In 2023, SOCAR secured the exploration rights via a tender from Israel’s Energy Ministry to drill in Mediterranean fields near the Leviathan field, one of the largest offshore gas discoveries in the world. However, the signing was postponed due to the Israel-Hamas war.

The new exploration licenses will allow access to Cluster I — an area covering approximately 1,700 square kilometers in the northern part of Israel’s economic waters. In a statement, the Israeli Energy Ministry said this area “has hardly been explored in the past in terms of natural resources.”

During his visit, Jabbarov also met with Israeli President Isaac Herzog and senior business leaders. He is the first Azerbaijani minister to visit Israel since the Hamas-led invasion of and massacre across southern Israel on Oct. 7, 2023, which triggered the Gaza war.

Last month, Hikmet Hajiyev, the assistant to Azerbaijani President Ilham Aliyev, met with Israeli Prime Minister Benjamin Netanyahu to discuss bilateral ties and regional developments on his second such trip in the last three months.

Azerbaijan’s ties with Israel have long been significant, with the country serving as the Jewish state’s most vital ally in the Caucasus and Central Asia for more than three decades, fostering a partnership that spans energy security, defense, and intelligence.

As of 2019, Azerbaijan supplied over a third of the Jewish state’s oil. Last year, Israel was the sixth-biggest buyer of oil from Azerbaijan, with sales totaling $713 million.

Meanwhile, Baku has acquired advanced Israeli defense systems, including the “Barak MX” missile system and surveillance satellites, and remains a leading buyer of Israeli military hardware, which was crucial in its 2020 war with Armenia.
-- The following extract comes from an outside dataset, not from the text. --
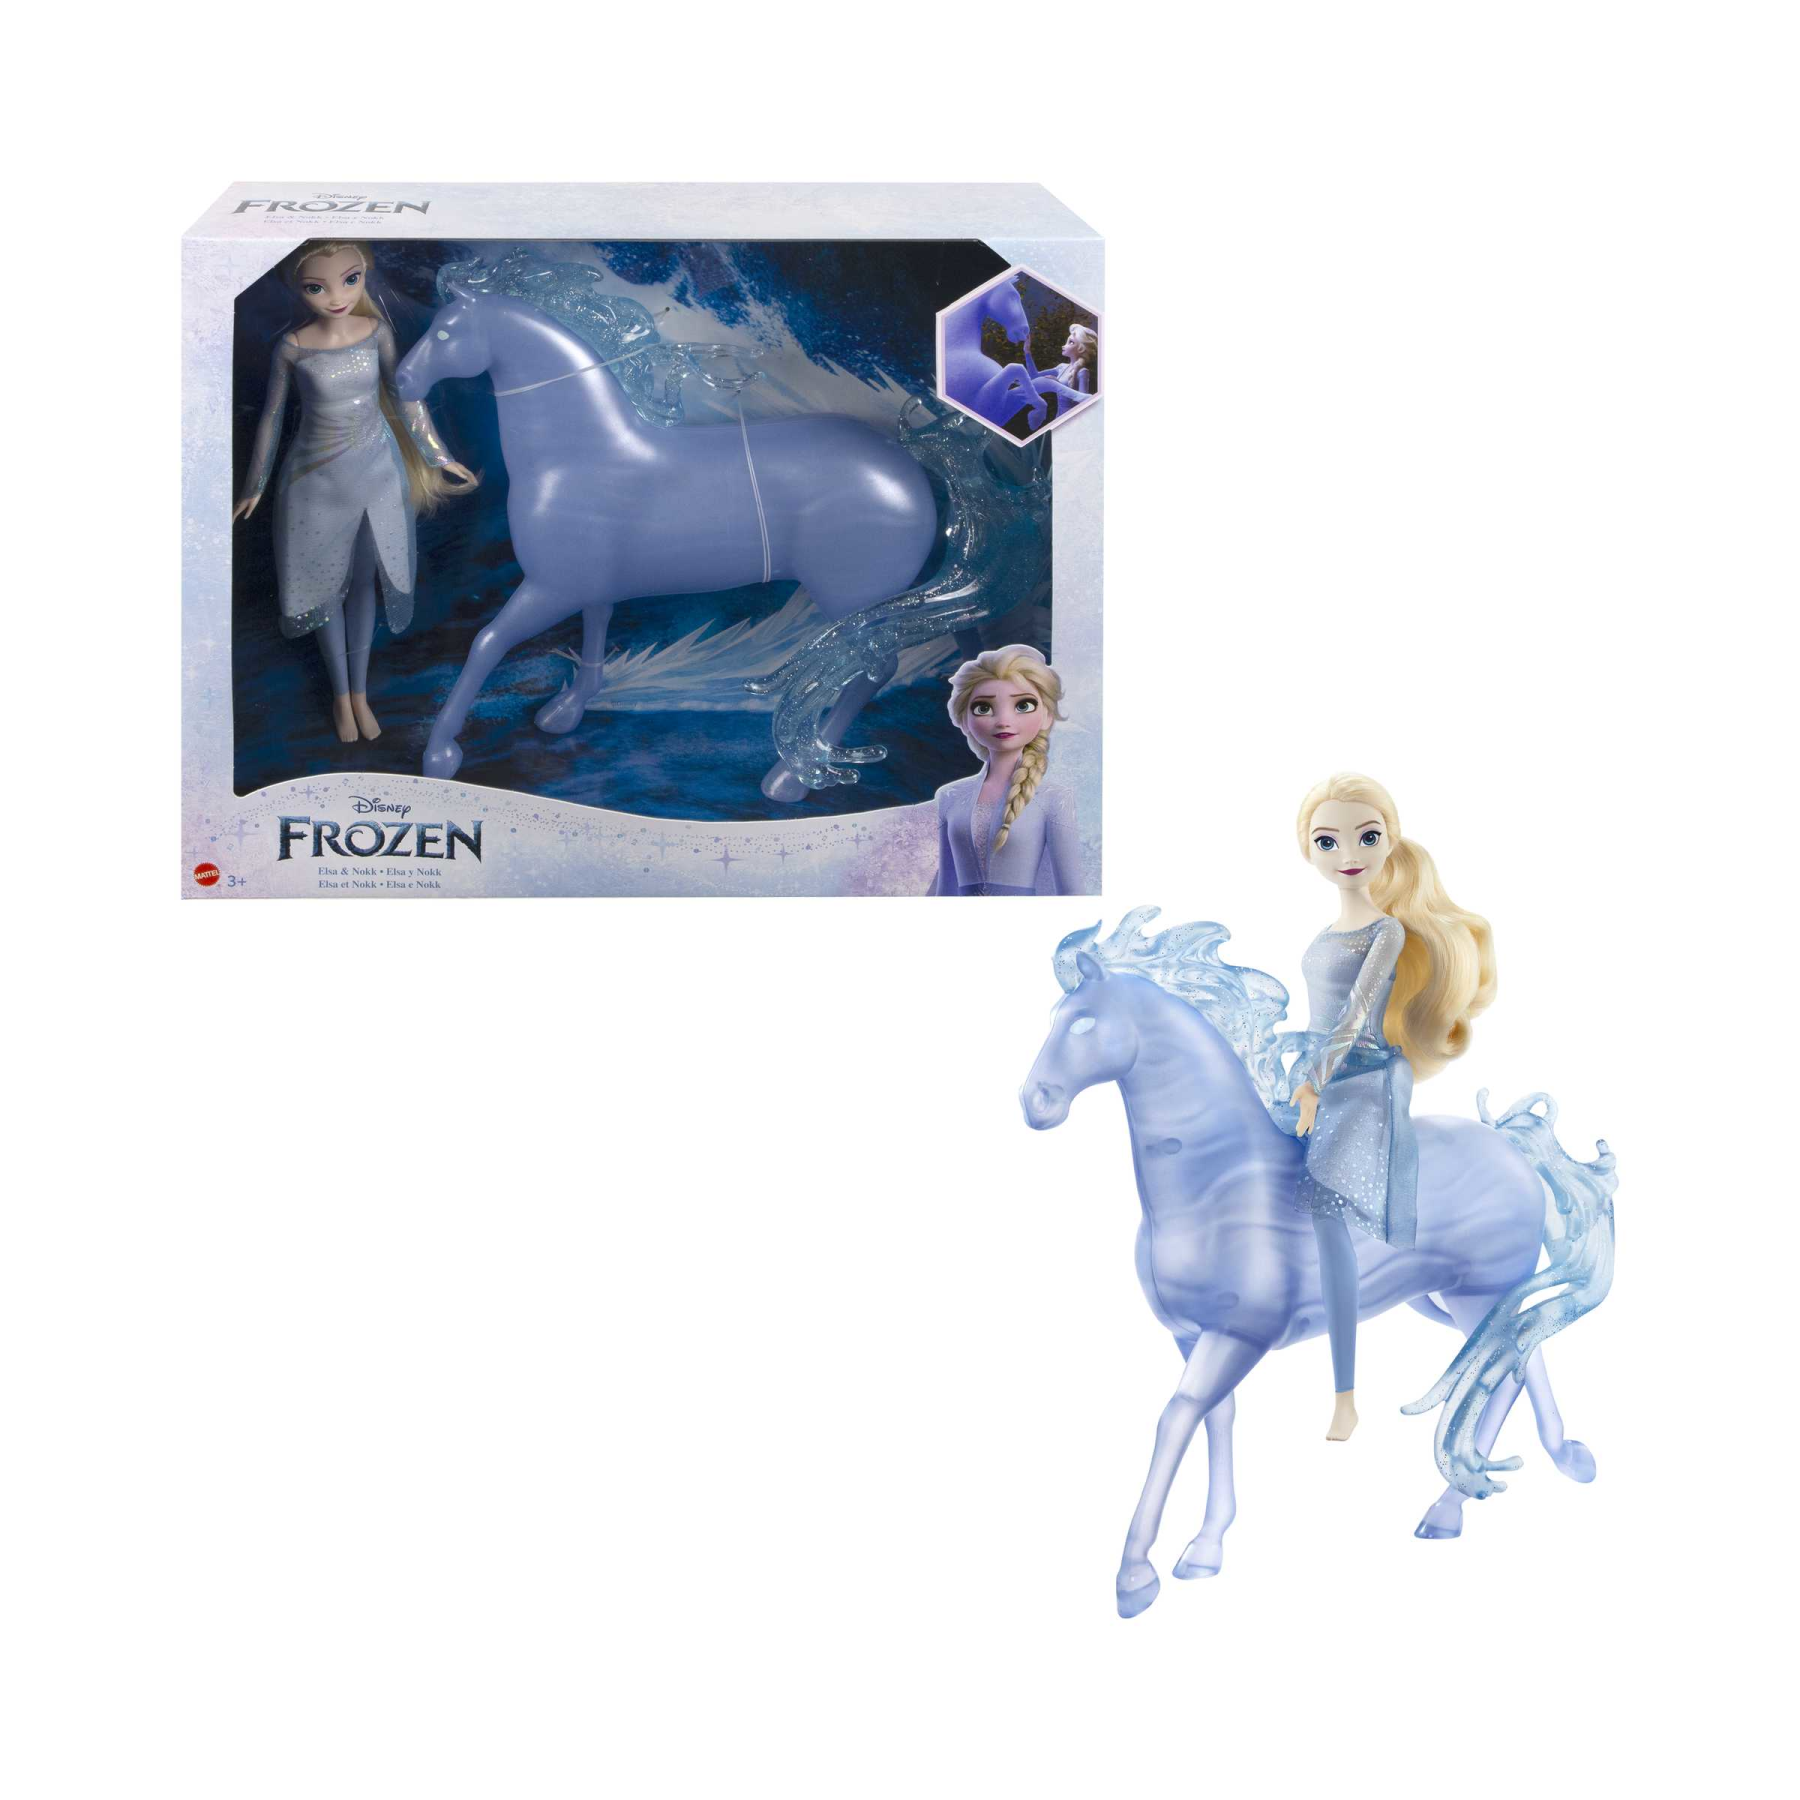 Disney frozen - elsa e nook, set con bambola con abito azzurro e creatura acquatica a forma di cavallo, ispirati al film disney frozen 2, 3+ anni, hlw58 - Frozen

Last month, Israel and SOCAR struck a major energy deal in which the Azerbaijani state oil company invested heavily in in Israel’s offshore gas fields. The deal made SOCAR a significant stakeholder in the Tamar gas field, which is a major natural gas source for Israel and has turned the country into a gas exporter in the region.
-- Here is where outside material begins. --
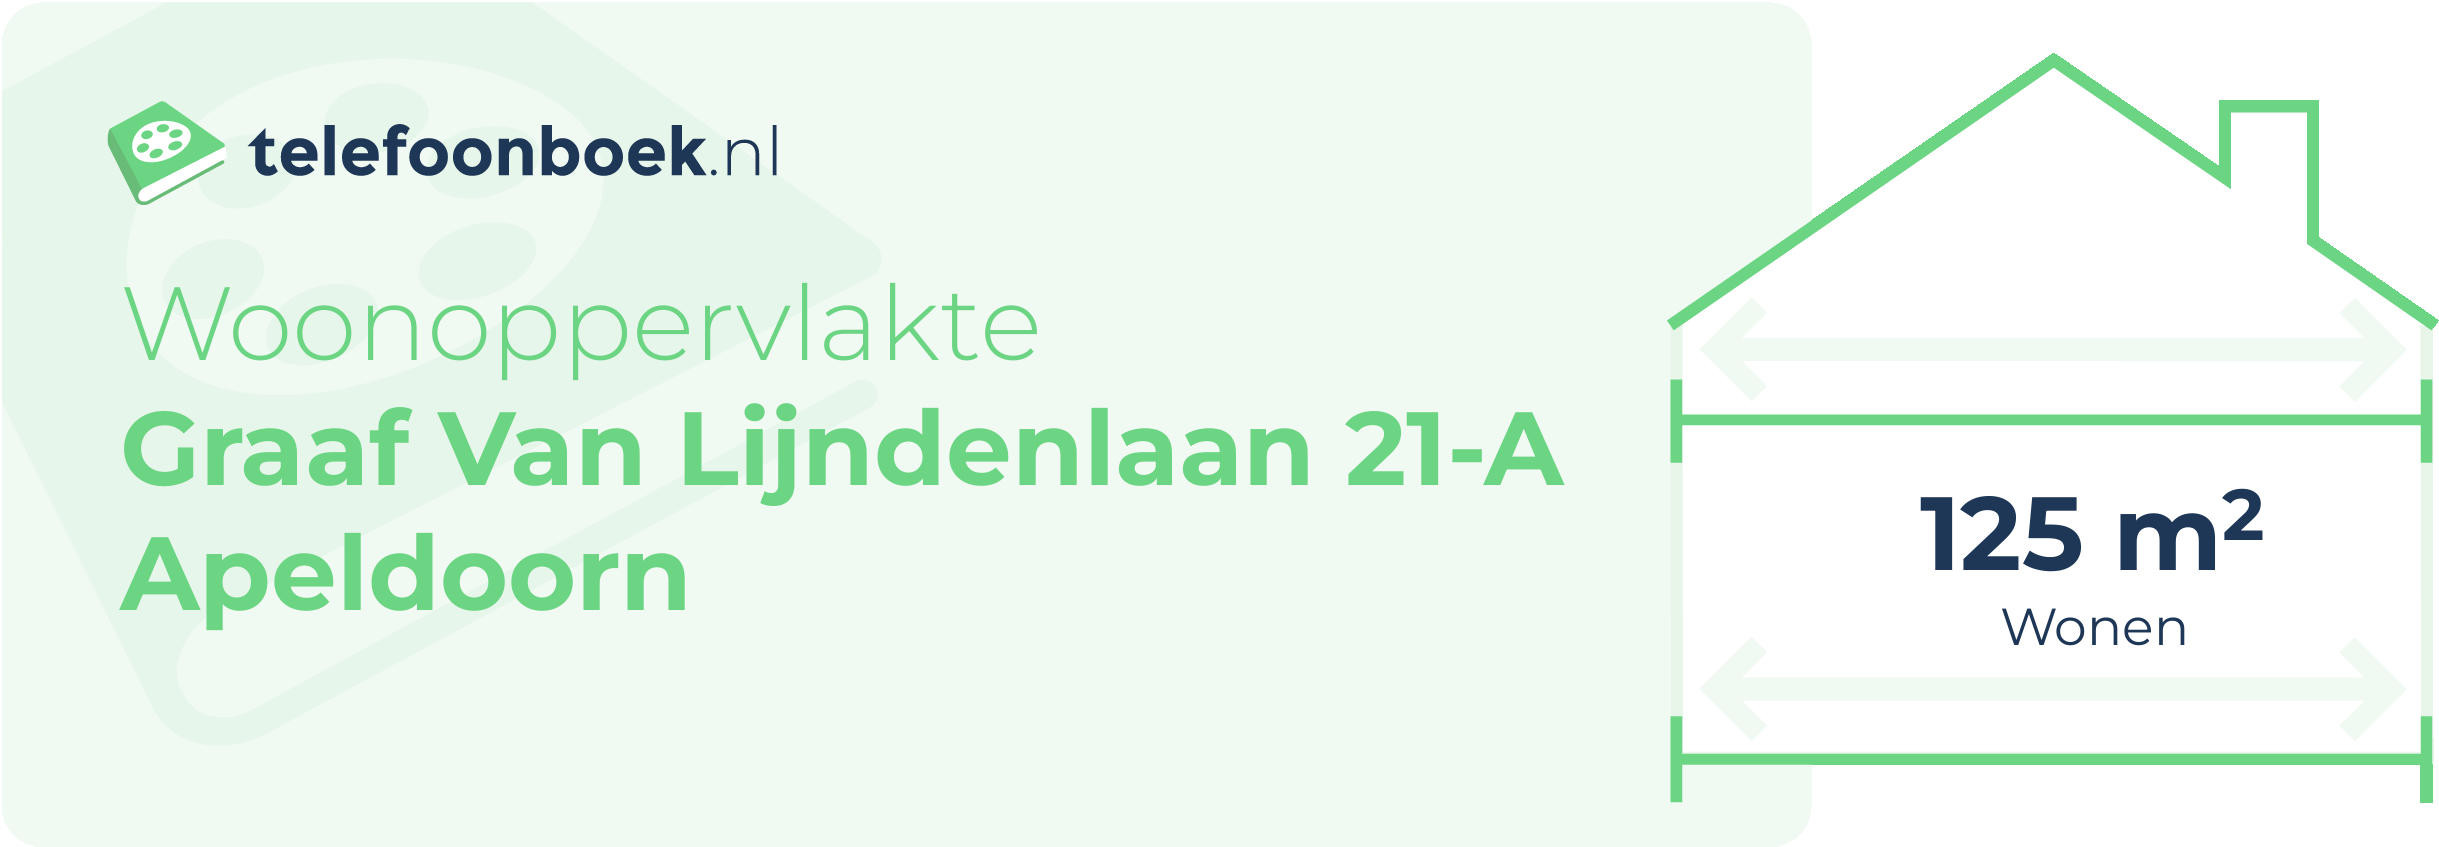 Woonoppervlakte Graaf Van Lijndenlaan 21-A Apeldoorn

The agreement also marked one of the latest examples of Azerbaijan’s growing influence in the Middle East.

Azerbaijan’s strategic importance stems not only from its economic influence in the region but also from its role at the crossroads of a growing pro-Western bloc countering the regional ambitions of Iran, with which Azerbaijan shares a long border.
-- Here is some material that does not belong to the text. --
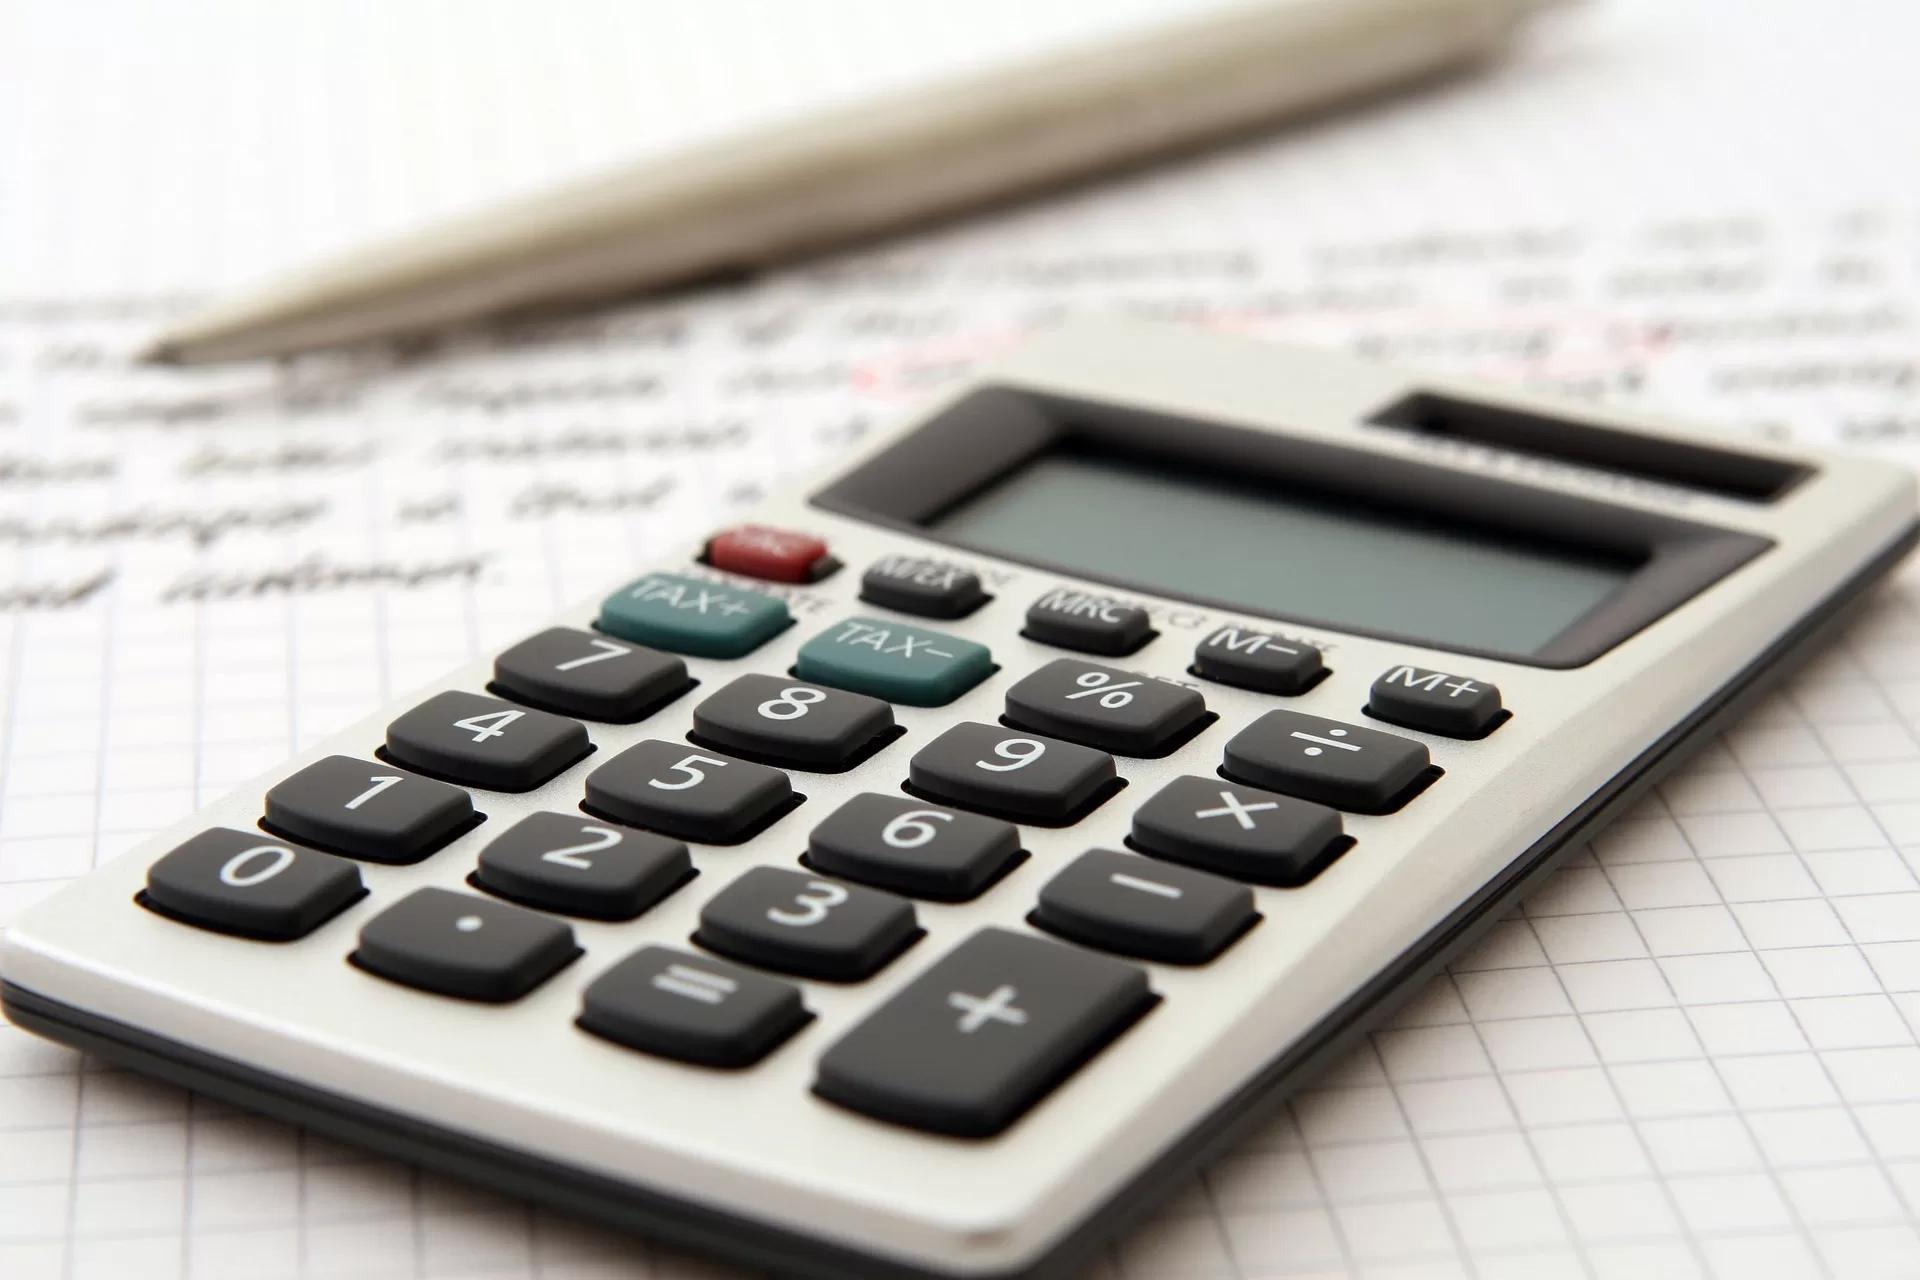 Gambar sebuah kalkulator di atas lembar catatan, ilustrasi tips bebas utang pinjol

The Abraham Accords reshaped regional alliances during US President Donald Trump’s first term, and experts have argued that his current administration could further this shift, with Azerbaijan – a country that shares hundreds of miles of border with Iran while maintaining strong ties with Israel and Turkey – playing a key role in balancing regional power blocs and advancing Trump’s goals for the Middle East.